いわき戦では田口も長期離脱から復帰しましたが、佐々木も久々のスタメン出場を果たしました。
佐々木のスタメンは、昨年8月17日の甲府戦以来。
約10か月ぶりのスタメンとなりました。
佐々木は昨年、岩手からジェフに加入。
昨年第3節山形戦で3バックの左CBとしてジェフ加入後のスタメン出場を果たすと、その後も不定期ながらスタメン出場の機会を得ます。
8月17日の甲府戦を含めてそれまでスタメン出場が11試合、途中出場が3試合と、準レギュラー的な扱いだったと言えると思います。
しかし、その甲府戦で残念ながら負傷。
診断は右膝前十字靭帯損傷と右膝外側半月板損傷で、全治6~8カ月の大怪我を負ってしまいます。
今年4月8日の徳島戦でようやくベンチに復帰すると、4月12日の藤枝戦で試合途中から復帰戦を果たしています。
しかし、その後はまたベンチにも入れない状況が続いており、怪我か何かがあったのでしょうか。
それでも6月7日の天皇杯大宮戦で、再び途中出場を果たしています。
そして、今回のいわき戦では新井一耀の不在もあって、ついにスタメン復帰を果たしたことになります。
ここまで非常に長かったですね。
先日のいわき戦はジェフが攻め込む展開が多く、あまり佐々木が守備で目立つことはありませんでした。
ただ、久々のプレーにもかかわらず、落ち着いた対応が出来ていたと思います。
CBにおいて、大事なポイントですね。
また、佐々木のパワーのある左足でのキックは、やはり武器になりそうな雰囲気がありました。
ただ、一方で前半には左前方に展開しようとして、キックミスをしてボールを失っています。

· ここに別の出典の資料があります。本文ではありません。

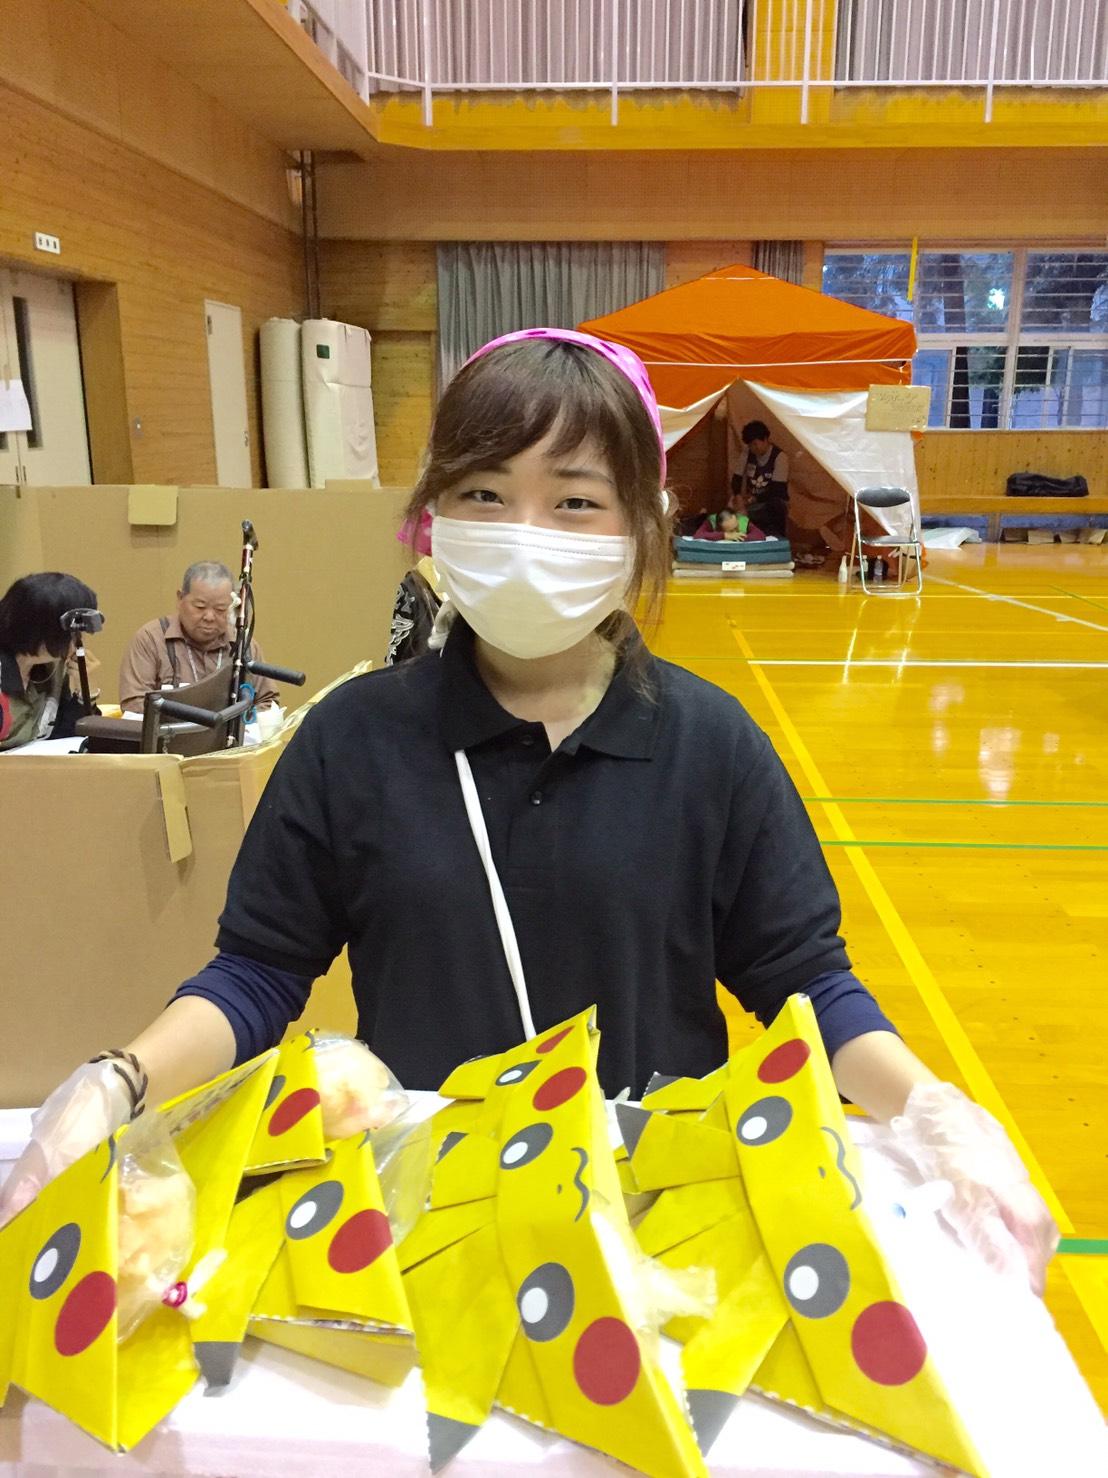 http://www.kickbackcafe.jp/support2/report/S__5202021.jpg

ビルドアップに中長距離の展開を織り交ぜることは重要ではありますが、今年のジェフはまず後方の選手が正確にショートパスを繋いでリズムを作ることが基本となっていますから、それをしっかりとこなした上で大きな展開などを使っていきたいところですね。
久々のスタメンとなった佐々木は試合後、「体力的にきつくて、試合勘もまだまだ」とコメントしています。
1対1で競り負けるシーンもあったとも言っていますし、素直に話すタイプなのでしょうか。
しかし、結果的に無失点だったわけですし、復帰戦としては十分にやれていたと思います。
今年は3月に川崎のDFに負傷者が続出した関係で、レンタル移籍だった田邉が川崎に復帰してしまうという事態が起こりました。
ただ、それでもそこまでのダメージはないのではないかと思ったのは、鈴木大輔と新井一耀がしっかりしていたことと、佐々木の存在が大きかった。
そのポテンシャルはここまでの試合で十分に見せていると思いますし、いわき戦でも悪くなかったと思います。
佐々木も普通に試合に出ていますが、まだ22歳ということで伸び代のある選手。
椿、田中、小森も同い年ですし、西久保やブワニカも含めて、今年のジェフは若い選手が多いことが特徴の1つですね。
彼らがより一層成長して、チームに勢いを与えてくれることを期待したいところです。
ただ、佐々木に関しては、新外国人選手CBメンデスというライバルも加わるはずです。
メンデスはまだコンディションが整っていないのかベンチにも入っていませんが、本来は鈴木大輔、新井一耀の次に期待されるべき選手なのではないでしょうか。
遅れているメンデスの状態も心配ですね。
7月21日には夏の移籍ウインドーも開きますし、シーズン中の補強動向も気になってくるところです。
個人的には2列目でもっとボールを受けられるパサーなどが欲しいところではないかと思うし、予算も考えると若く活きのいい選手がJ1で余っていないかなとも考えてしまうのですが、田邉のパターンなどを考えるとやっぱりレンタル選手は怖いところもあります。
一方で今いる選手たちにとっては補強がなくともやれるところを見せなければいけないわけですし、シーズン後半は結果にこだわる姿勢を見せて欲しいところです。